循环微泡和血浆中的 microRNA 作为补充糖尿病血脂异常及其并发症临床诊断的生物标志物

资金致谢 资金来源类型：公共拨款——仅限国家预算。主要资金来源：由罗马尼亚教育和研究部资助的研究，CNCS-UEFISCDI，项目编号。PN-III-P1-1.2-PCCDI-2017–0527（合同编号 83PCCDI/2018），项目编号。PN-III-P1-1.1-TE-2019-0811，在 PNCDI III 内”（合同号 TE 97/2020） 背景 血脂异常是心血管疾病和糖尿病的主要危险因素，糖尿病通常会导致严重的微血管并发症。据报道，与微泡 (MV) 相关的 microRNA (miRNA) 在糖尿病血脂异常的进展中调节细胞机制。我们假设检测血浆 MV 成分的变化可用作早期生物标志物，以防止糖尿病血脂异常的不可逆影响。目的：这项研究的目的是研究在伴有/不伴有微血管并发症的糖尿病血脂异常中是否存在循环 MV 和血浆 miRNA 的修饰，以及这些变化是否可以预测疾病的演变。
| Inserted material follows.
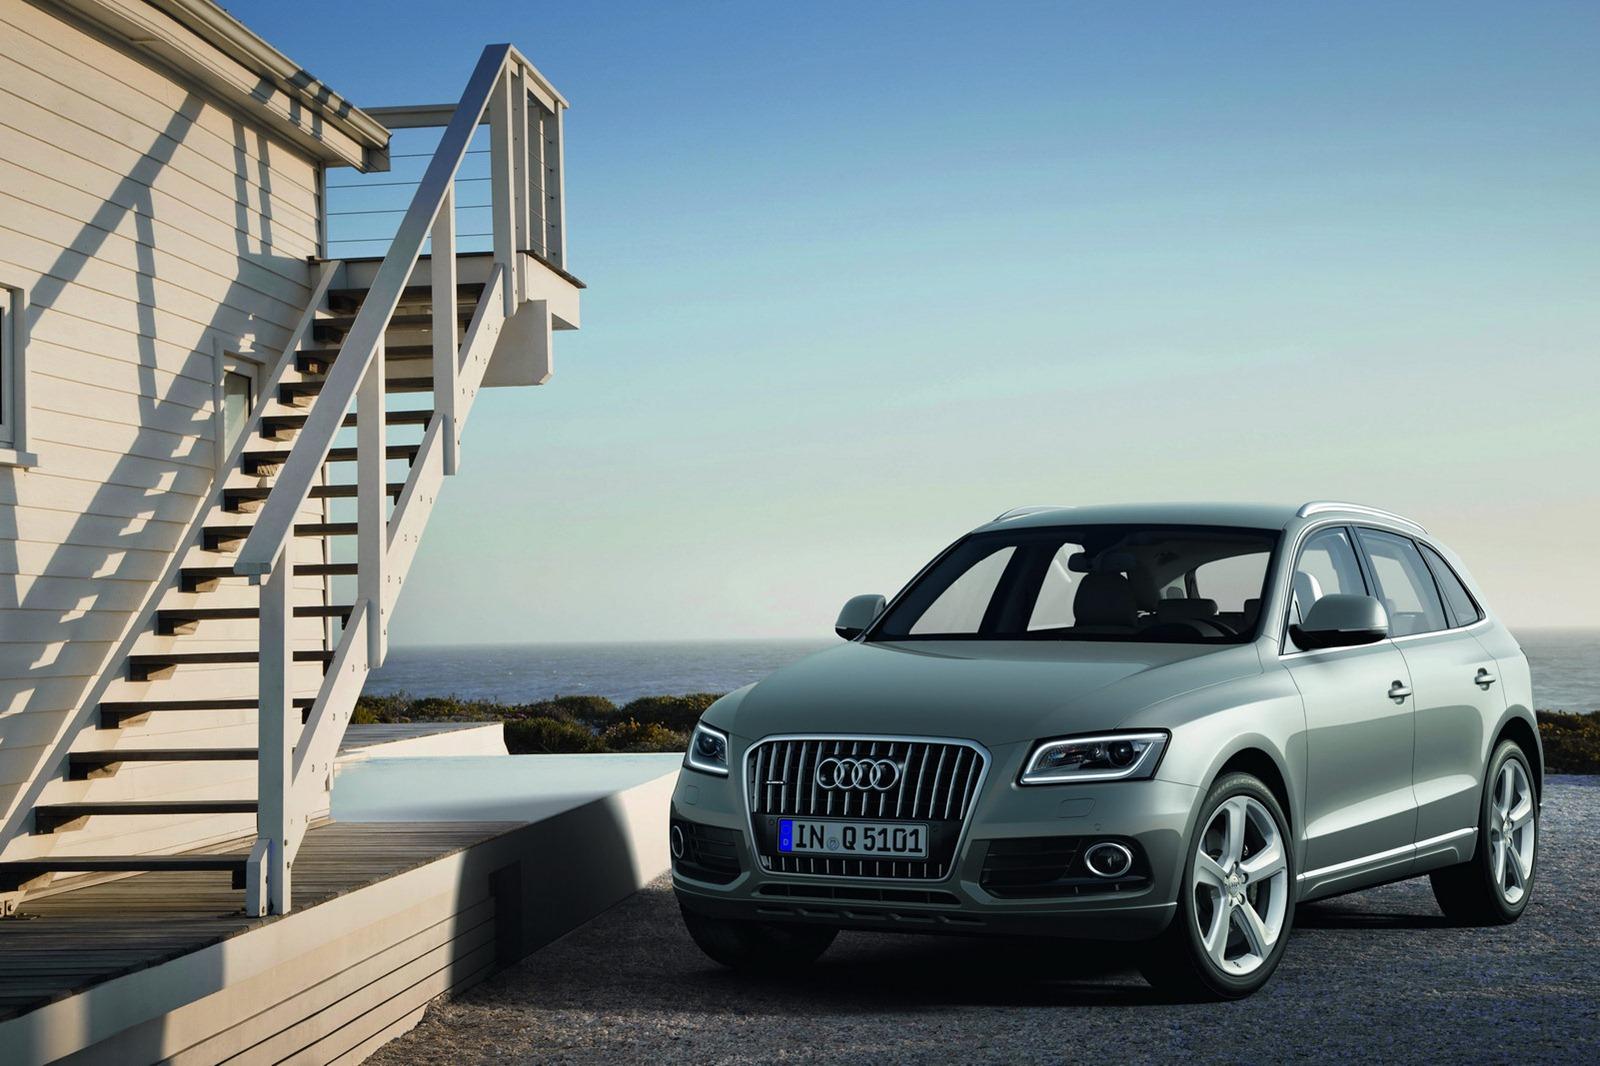 Audi Q5 Facelift 2012 Audi Autopareri

方法 采集伴有/不伴有微血管并发症的糖尿病血脂异常患者血浆/血清，评估主要参数和炎症标志物。结果表明，与单独的糖尿病或血脂异常相比，糖尿病血脂异常患者的血糖、胆固醇、低密度脂蛋白胆固醇、甘油三酯浓度、收缩压显着升高。此外，检测到高水平的循环 IL-6 和源自内皮细胞 (CD144+)、血小板 (CD41+)、巨噬细胞 (CD14+) 和白细胞 (CD18+) 的 MV。在血浆 miRNA 和 MV 相关 miRNA 中发现了显着变化：122、-132、-143、-200b、-212，降低了 MV 中 miR-34a、-155、-218 的表达，降低了 miR-21、-34a， -132,-143 血浆中的表达式。值得注意的是，当微血管并发症与糖尿病血脂异常相关时，我们发现了显着变化，例如 MV 和血浆 miR-143 中 miR-21、-34a、-122、-126、-143、-218、-223 的表达增加，- 132 并降低 MV 和血浆 miR-223 中的 miR-200b,-212。结论 在糖尿病血脂异常患者中，特别是与微血管并发症相关的糖尿病血脂异常患者中，血浆 MV 含量和 miRNA 发生显着改变，表明它们可以成为糖尿病血脂异常及其并发症的生物标志物和潜在诊断工具。